| Your task |
Your reply should hold only the lines from the one containing "- Exposure to" to the final line of the listing below, restated word for word.

| The data |
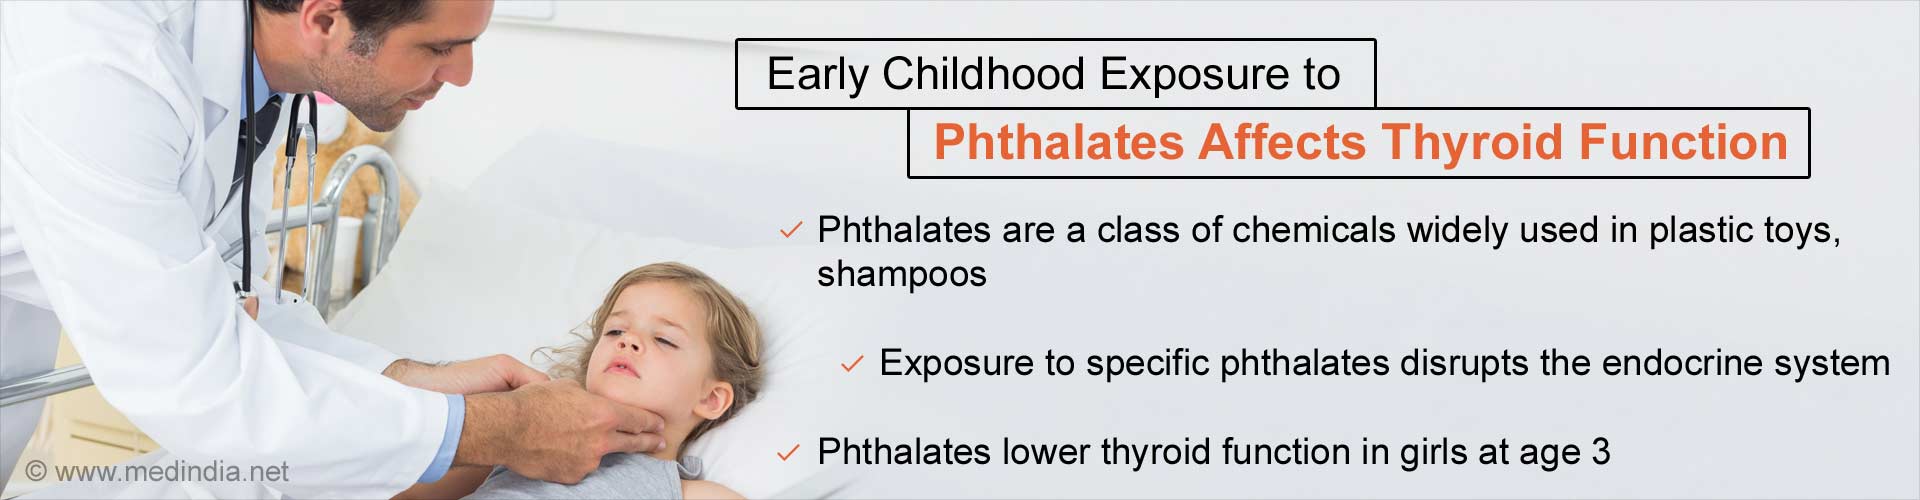 Early childhood exposure to Phthalates Affects Thyroid Function
- Phthalates are a class of chemicals widely used in plastic toys, shampoos
- Exposure to specific phthalate disrupts the endo system
- Phthalate lower thyroid function in girls at age 3

| Solution to this problem |
- Exposure to specific phthalate disrupts the endo system
- Phthalate lower thyroid function in girls at age 3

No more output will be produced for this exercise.